> [INSTRUCTIONS TO FOLLOW]:
Nothing but the text should be carried over: reproduce all the data exactly and leave out every image.

> [DATA BLOCK]:
──────
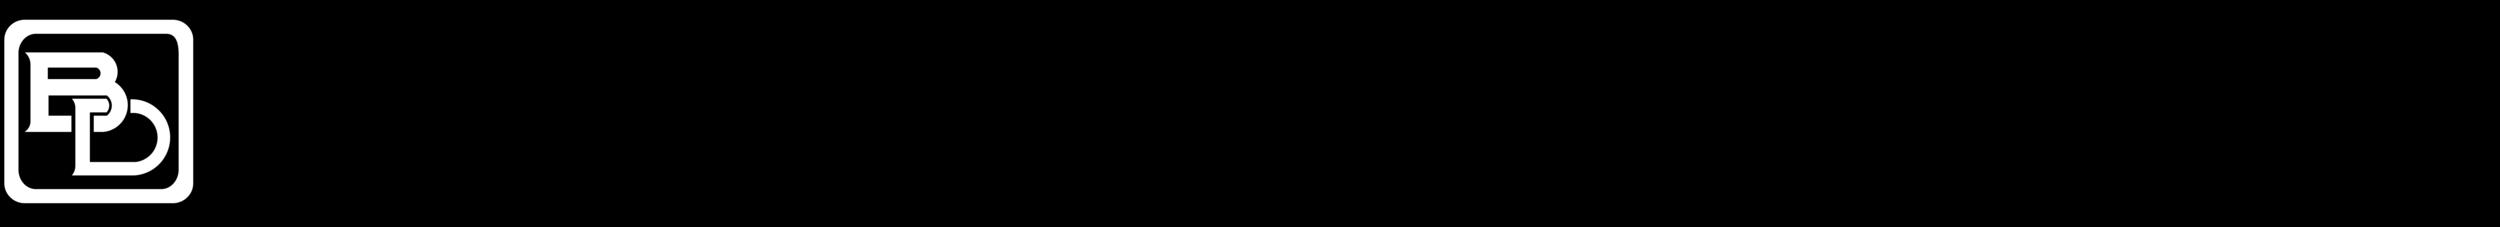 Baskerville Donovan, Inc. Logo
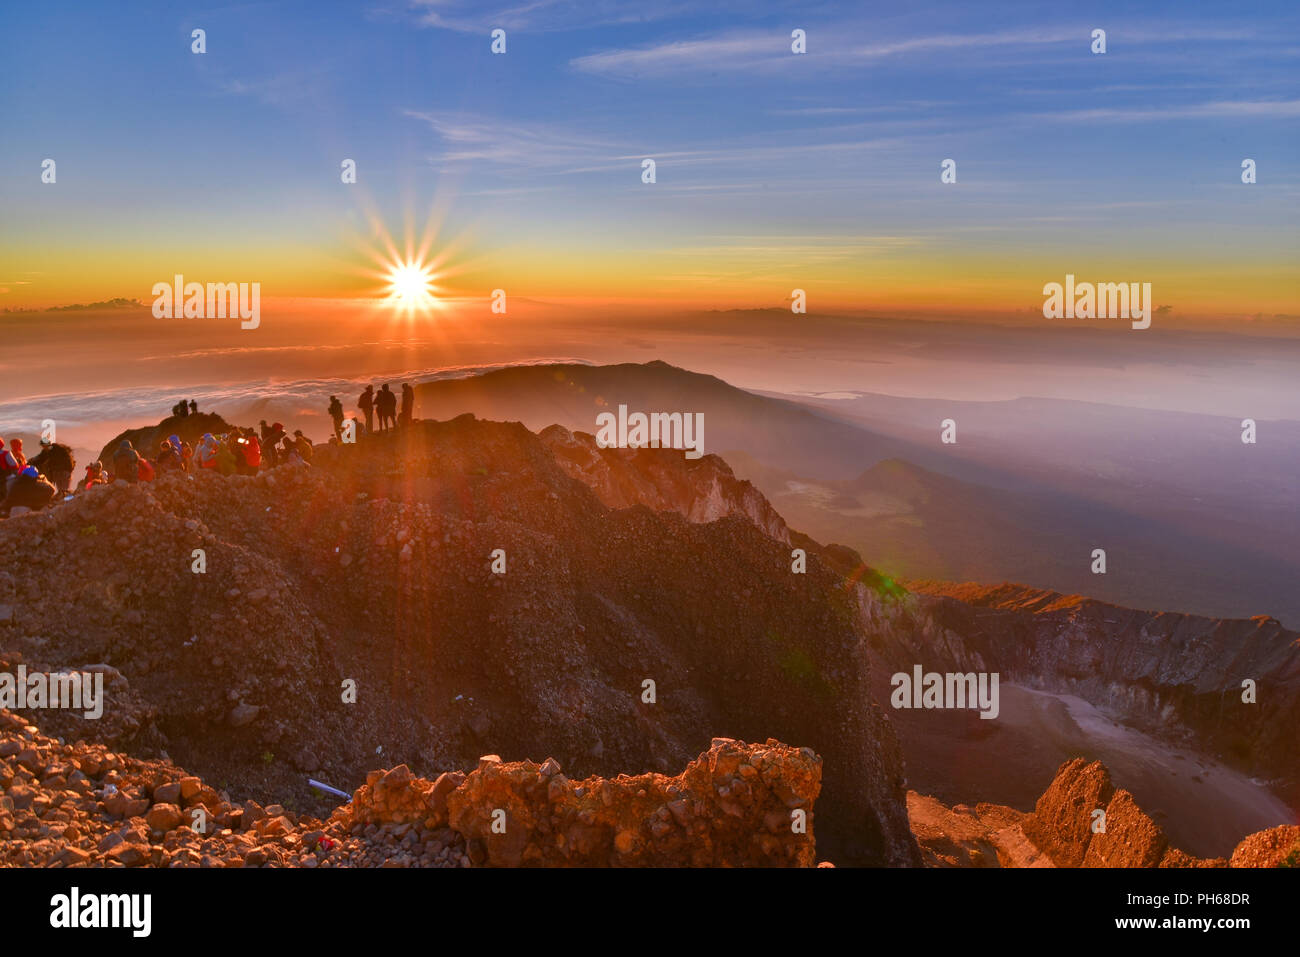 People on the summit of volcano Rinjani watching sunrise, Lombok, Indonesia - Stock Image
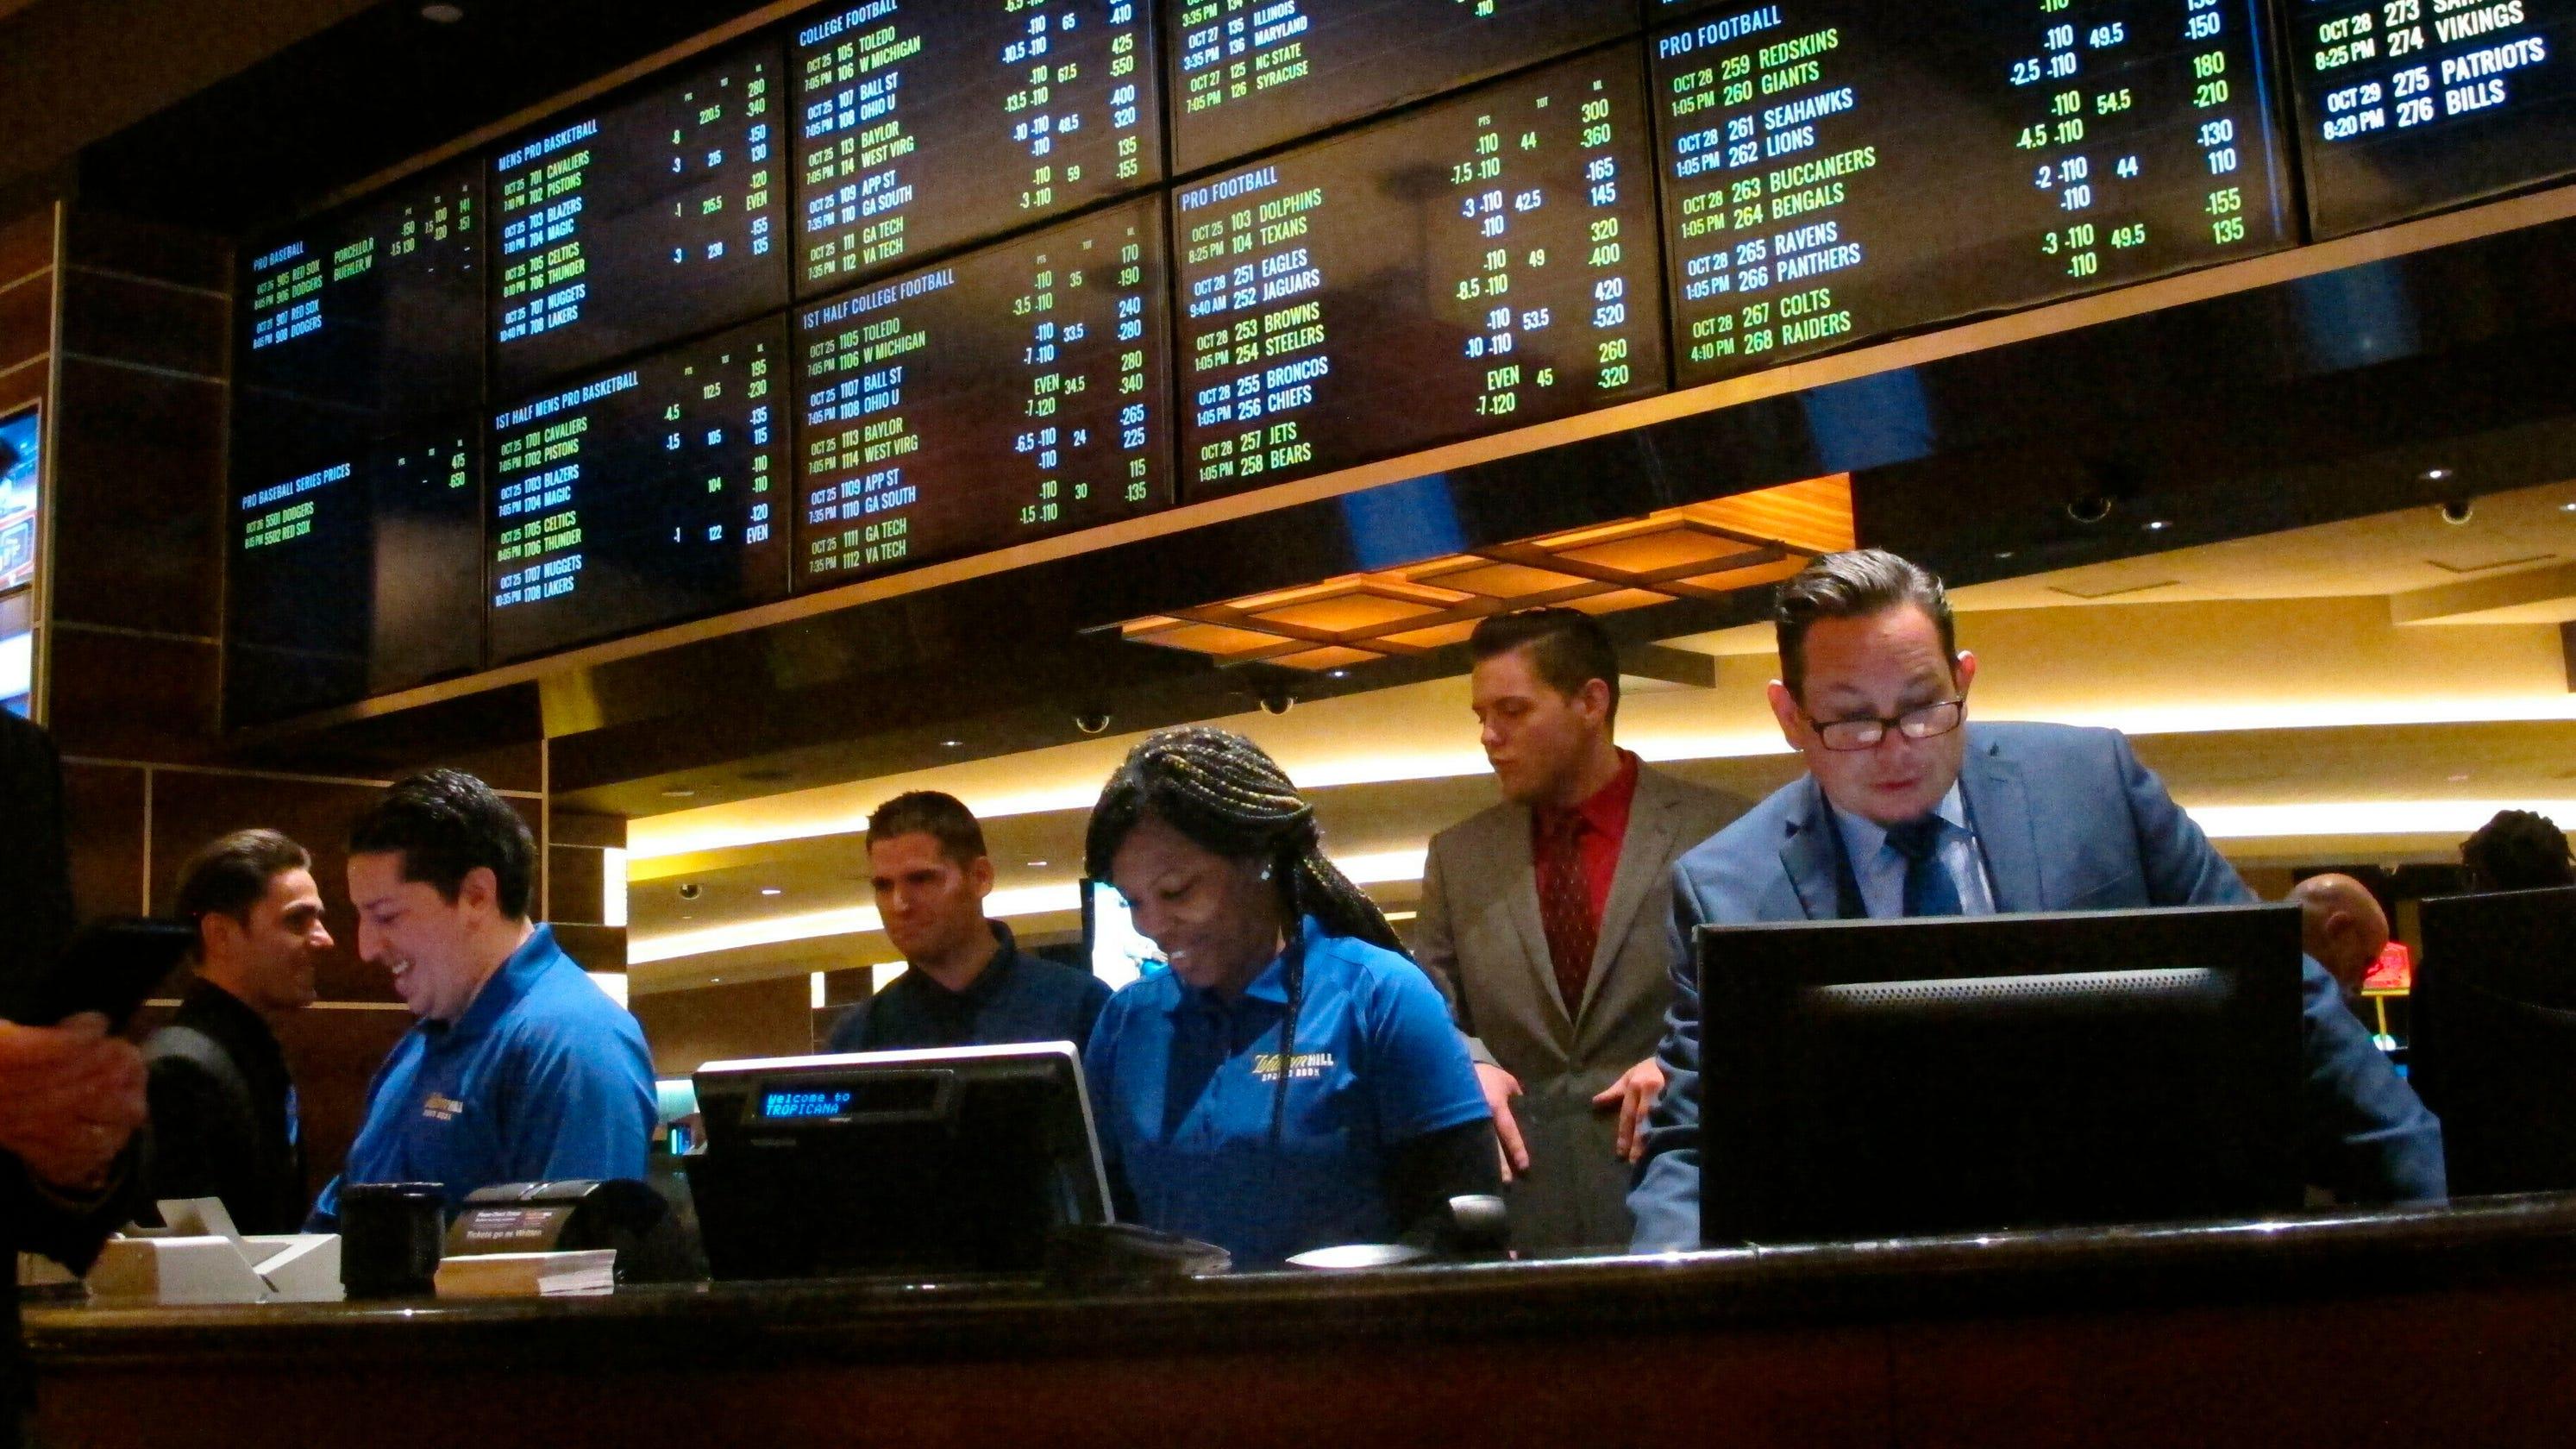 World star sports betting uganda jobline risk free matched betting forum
──────
> [TASK RESULT]:
 Baskerville Donovan, Inc. Logo
 People on the summit of volcano Rinjani watching sunrise, Lombok, Indonesia - Stock Image
 World star sports betting uganda jobline risk free matched betting forum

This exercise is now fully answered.